The advancements made in recent years in generative adversarial networks (GANs) allow us to leverage the benefits of generating synthetic data for a wide range of machine learning (ML) applications. Several years ago, we started training neural networks for optical character recognition (OCR) tasks using synthetic data. We generated synthetic IDs to teach neural networks to read them reliably, even in suboptimal conditions, for example, with scratches, glare, and other factors. 

In the real world, we would never be able to gather a dataset as large as the technology requires. Even small countries don’t have enough citizens to provide us with the robust real dataset the model needs. That is why synthetic IDs fit the bill perfectly.

We also recently started research and development projects which generate synthetic fingerprints to improve algorithms and identify fingerprint fragments—known as latent fingerprints. Latent fingerprint analysis can support law enforcement agencies, as they are usually found on crime scenes. 

However, similarly to face recognition models, obtaining a dataset to train latent fingerprint algorithms is extremely difficult due to the high-quality, consent, and size of the dataset required for ML purposes.
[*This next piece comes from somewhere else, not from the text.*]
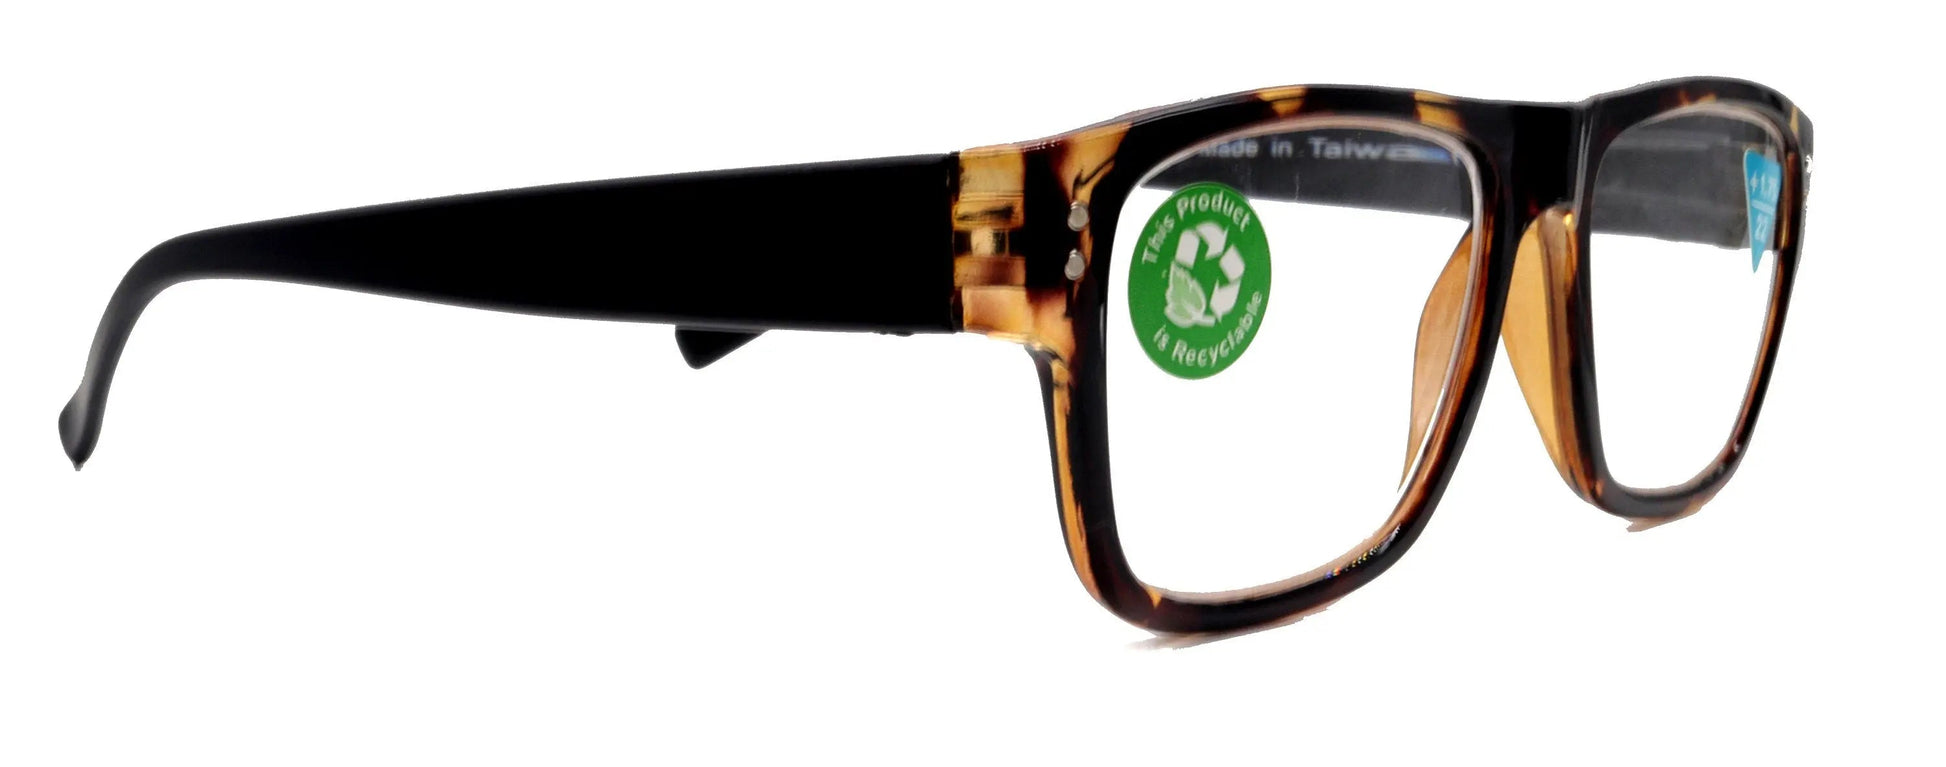 Brooklyn, (Premium) Reading Glasses, High End Reader +1.25...+3 Magnifying Eyeglasses (Tortoise Black, Brown) Square Frame. NY Fifth Avenue

Now, with the ability to generate fingerprint fragments artificially that meet the required standards, we can expect the algorithms to improve identification performance, even for fragmented or low-quality fingerprints.

Last but not least, synthetic data is an efficient technology to supplement datasets with types of data that are underrepresented. This is especially true for facial recognition. Generating high-fidelity faces for ML has several other advantages besides decreasing bias; they do not infringe on personal rights, do not require consent, and can be customized to meet specific needs and goals. For example, for age verification applications, we can generate faces that are right at the edge of the critical ages—from 18 to 21—without breaching ethical standards or the legal rights that minors have.